A) Mutation severity spectrum of ribosomal proteins functioning in the cytoplasm (orange bars) and in the mitochondria (green bars) measured by their numbers in GTS deciles. B). DeepSAV score distribution for 34 gnomAD SAVs of cytoplasmic ribosomal protein RPL23 (orange) and 89 gnomAD SAVs of mitochondrial ribosomal protein MRPL14. C) 60S ribosomal protein RPL23 from cytoplasm (PDB: 6ek0, chain LV) in orange cartoon has a single detrimental predicted SAV (red sphere). D) Mitochondrial 39S ribosomal protein MRPL14 (PDB 5oom, chain L) in green cartoon has multiple predicted detrimental SAVs.
Fig 7.
Mutation-intolerant genes exhibit pathway preferences and are exploited by viruses.

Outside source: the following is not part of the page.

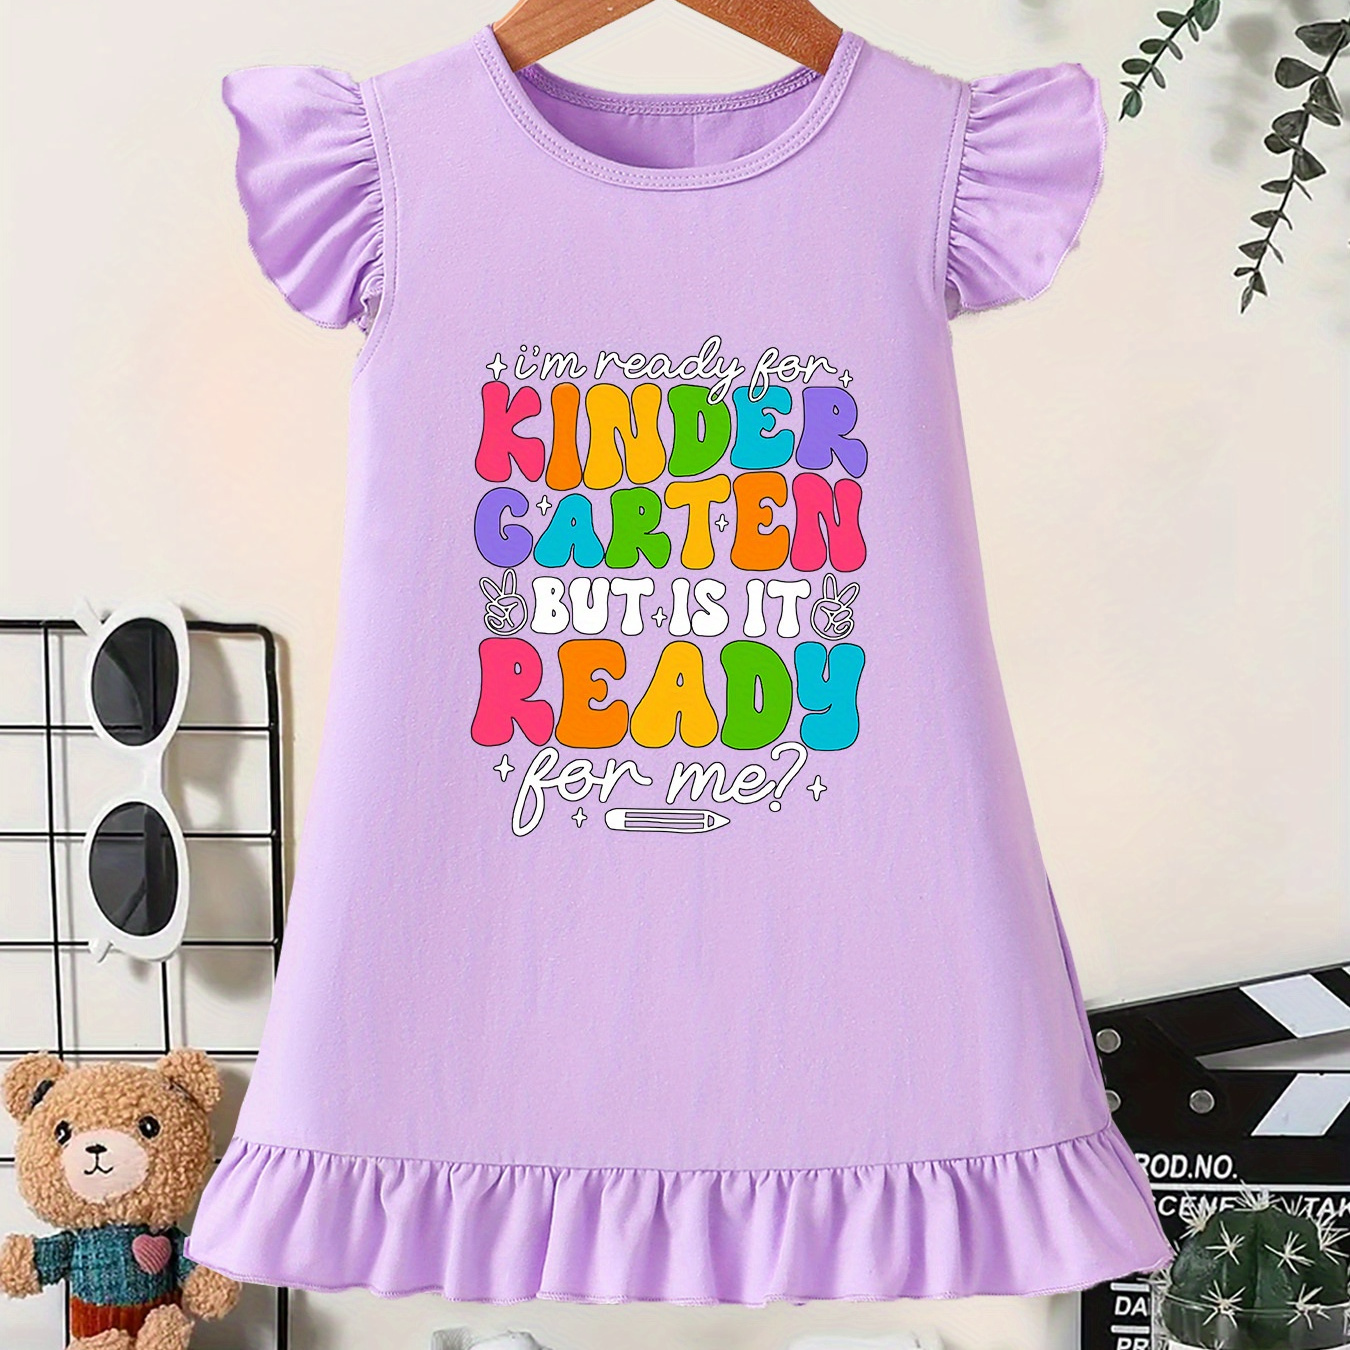 

Girls' Summer Casual Cotton Dress, Comfortable Loose-fit Princess Gown With "i'm Ready For Kindergarten" Print, Ruffle Sleeve

A) Genes are ranked from low to high by mutation severity measure, GTS. The top ranked genes are mutation-intolerant, and the bottom ranked are mutation-tolerant. Ratios of observed/expected frequencies of disease class associations for sets of mutation-intolerant (top-) and mutation-tolerant (Bottom) genes are shown. Diseases are ordered by the exp/obs frequency ratios in the top1000 set (top 1000 genes with the lowest GTS score). B) Ribbon diagram of KPNB1 (cyan) bound to Ran GTPase (green) with DeepSAV-predicted detrimental variants (red spheres), including R106L (stick) at the interaction interface (from PDB 1ibr). C) Ribbon diagram of GEF (green) bound to RHOA GTPase (cyan, PDB 5zhx), with labeled DeepSAV-predicted detrimental variants (red spheres) adjacent to a farnesylation site (orange stick) and near the active site (stick colored by atom, from superimposed GTPase 1tx4).